# Dr. Claude - Patient Care with AWS
## Personalized Medical Recommendations using Bedrock, DynamoDb, and SNS
### In this notebook we will:
- Create a vector store with OpenSearch Serverless
- Create a Knowledge Base with Amazon Bedrock
- Create a database for patient info with DynamoDB
- Query Anthropic's Claude 3 model for medical recommendations
- Create SNS topic and send the recommendations

### Prerequisites 
Add the following permissions to your SageMaker Domain role:
- AmazonBedrockFullAccess 
- AmazonDynamoDBFullAccess
- AmazonSNSFullAccess
- IAMFullAccess
- Add a custom [policy](./aoss_policy.json) for Amazon OpenSearch Serverless.


## Setup
Before running the rest of this notebook, you'll need to run the cells below to ensure necessary libraries are installed and connect to Bedrock.

In [None]:
%pip install --upgrade pip --quiet
%pip install boto3 botocore langchain opensearch-py==2.3.1 --quiet

### Importing Libraries 
Import necessary libraries and perform initial setup required for subsequent AWS service interactions.

In [None]:
import boto3
import botocore
from botocore.exceptions import ClientError
import json
import csv
from io import StringIO
from langchain_community.chat_models import BedrockChat
from langchain_core.prompts import ChatPromptTemplate
from langchain.retrievers.bedrock import AmazonKnowledgeBasesRetriever
import random
import pprint
import time
from policy_creator import create_bedrock_execution_role, create_oss_policy_attach_bedrock_execution_role, create_policies_in_oss
suffix = random.randrange(200, 900)

boto3_session = boto3.session.Session()
region_name = boto3_session.region_name
sts_client = boto3.client('sts')
bedrock_agent_client = boto3_session.client('bedrock-agent', region_name=region_name)
service = 'aoss'
account_id = sts_client.get_caller_identity()["Account"]
s3_suffix = f"{region_name}-{account_id}"

### Create S3 Bucket for the Knowledge Base Data
Create an S3 bucket which will be used to store data. If the bucket already exists, catch the error and notify the user.

In [None]:
# Create an S3 client
s3 = boto3.client("s3")

# Create an S3 bucket
bucket_name = f"rag-data-{s3_suffix}"
try:
    s3.create_bucket(Bucket=bucket_name)
except botocore.exceptions.ClientError as e:
    error_code = e.response["Error"]["Code"]
    if error_code == "BucketAlreadyOwnedByYou":
        print(f"Bucket {bucket_name} already exists.")
    else:
        print(f"Error creating bucket: {e}")
        raise

# Create a vector store - OpenSearch Serverless index
## Step 1 - Create policies and collection

Setup a vector store and create an execution role.

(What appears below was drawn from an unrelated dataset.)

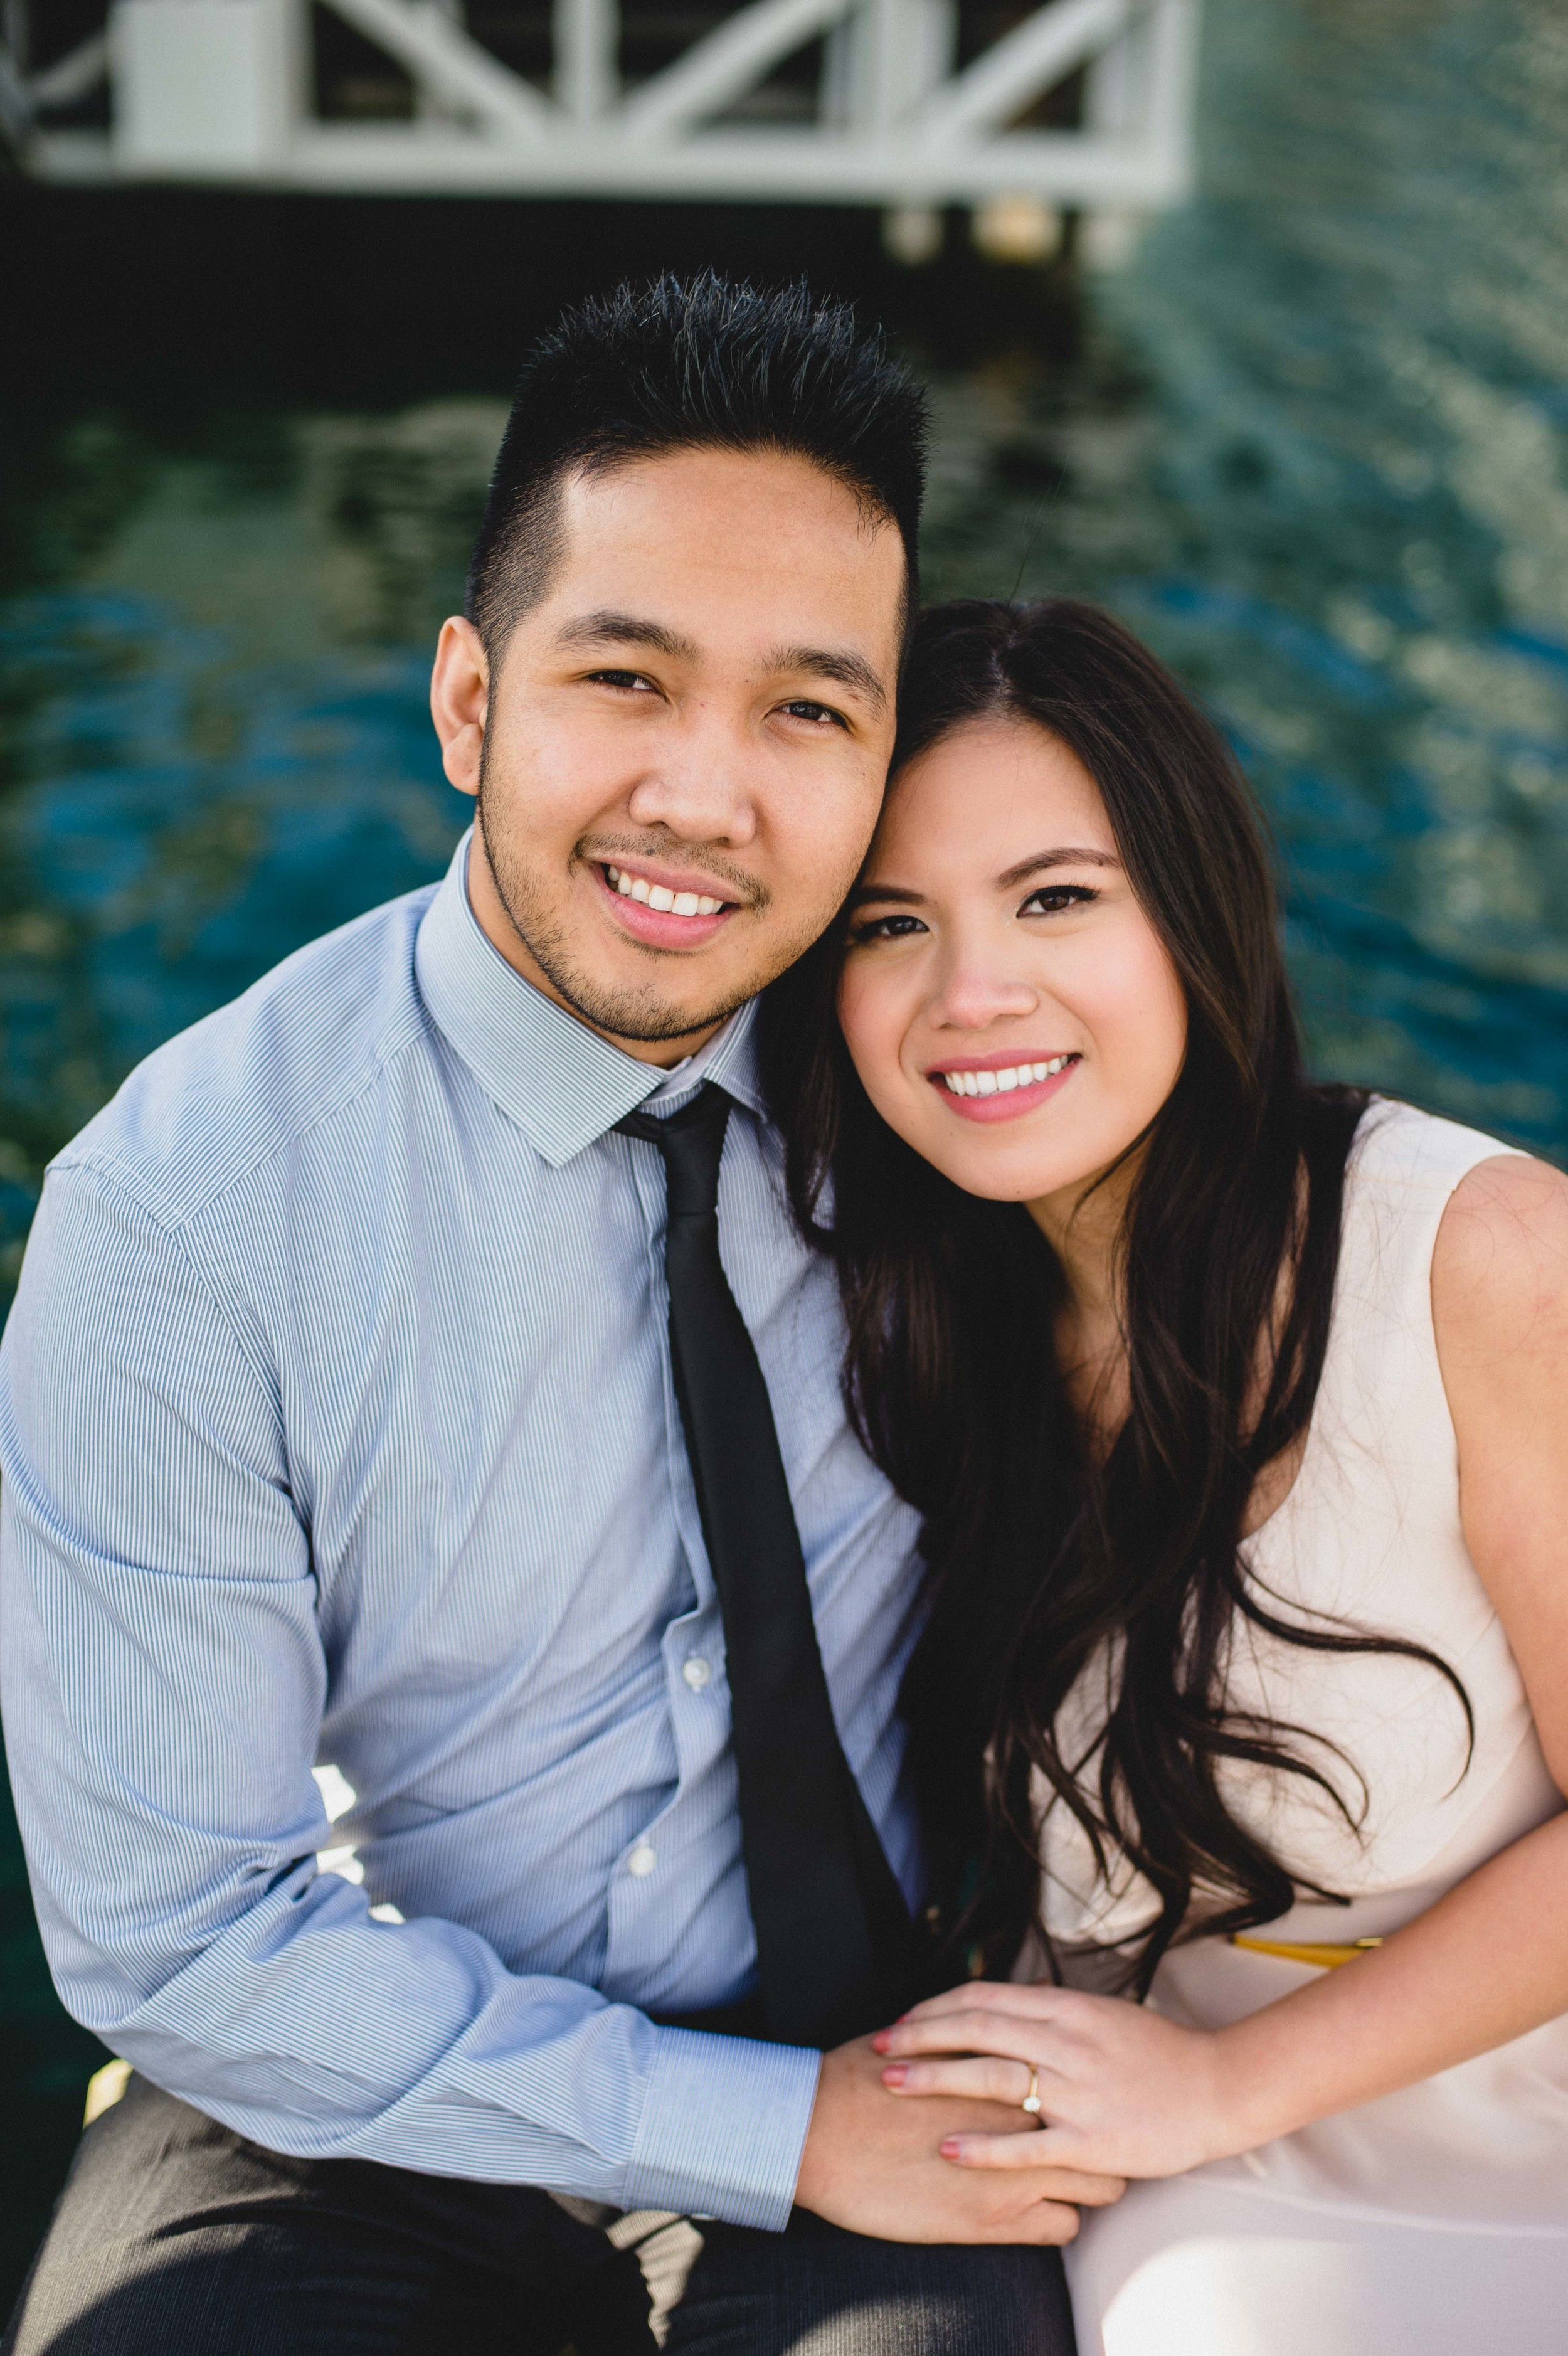 Vancouver David Lam Park Wedding Photographer Edward Lai Photography-3.jpg

This is necessary for the bedrock agent to operate within AWS.

In [None]:

vector_store_name = f'bedrock-sample-rag-{suffix}'
index_name = f"bedrock-sample-rag-index-{suffix}"
aoss_client = boto3_session.client('opensearchserverless')

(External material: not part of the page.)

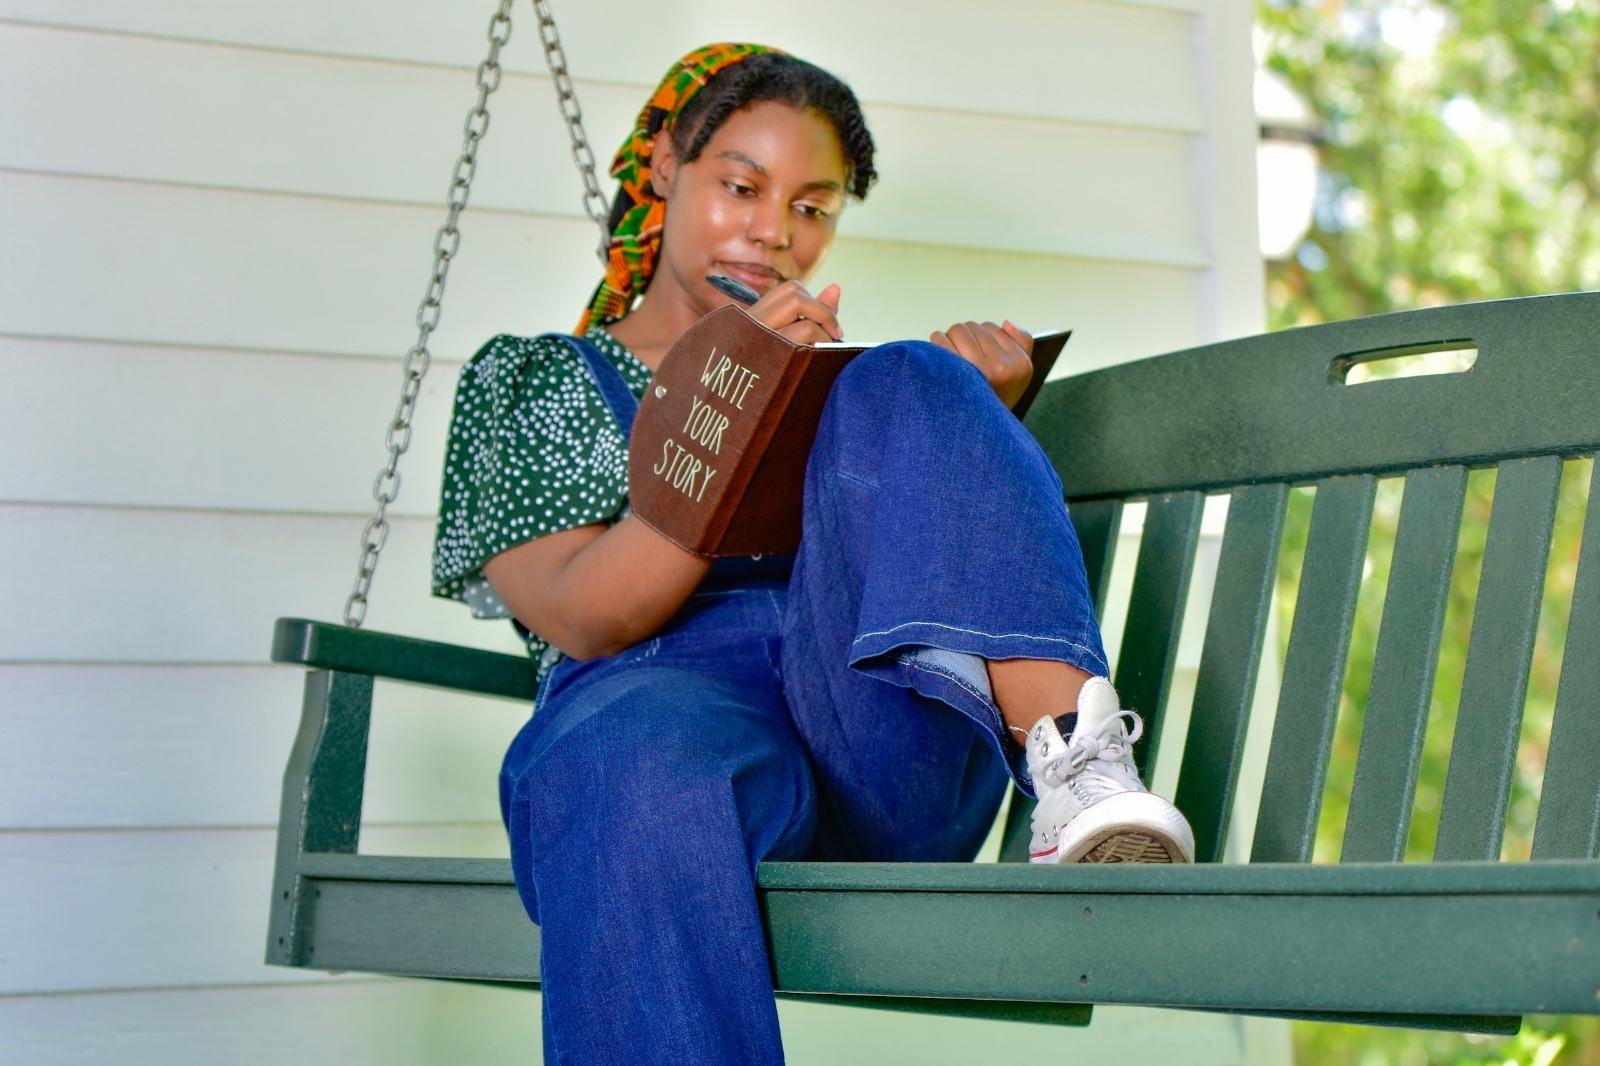 Jonesha Johnson writes in her journal. Photo credit: Kevin Dantes courtesy of Black Farmers' Network

# Create an execution role for bedrock knowledge bases
bedrock_kb_execution_role = create_bedrock_execution_role(bucket_name=bucket_name)
bedrock_kb_execution_role_arn = bedrock_kb_execution_role['Role']['Arn']


In [None]:

# Create security, network and data access policies within OSS
encryption_policy, network_policy, access_policy = create_policies_in_oss(
    vector_store_name=vector_store_name,
    aoss_client=aoss_client,
    bedrock_kb_execution_role_arn=bedrock_kb_execution_role_arn,
)

# Create a collection for vector search
collection = aoss_client.create_collection(name=vector_store_name, type="VECTORSEARCH")


In [None]:
collection_id = collection['createCollectionDetail']['id']
host = collection_id + '.' + region_name + '.aoss.amazonaws.com'

This checks if the collection exists and waits for it to become active if it's still being created. It prints the collection's status, ensuring it's ready for use before moving on. The process involves:

1. **Checking if Active**: Confirms if the collection is ready.
2. **Waiting if Creating**: Waits and checks every 30 seconds if the collection is still being set up.
3. **Handling Non-existence**: Alerts if the collection doesn't exist.
4. **Reporting Other Statuses**: Notes any other collection status for troubleshooting.


In [None]:
response = aoss_client.batch_get_collection(names=[vector_store_name])

# Initial check for collection existence and extraction of status
collection_exists = "collectionDetails" in response and response["collectionDetails"]
collection_status = collection_exists and response["collectionDetails"][0].get("status")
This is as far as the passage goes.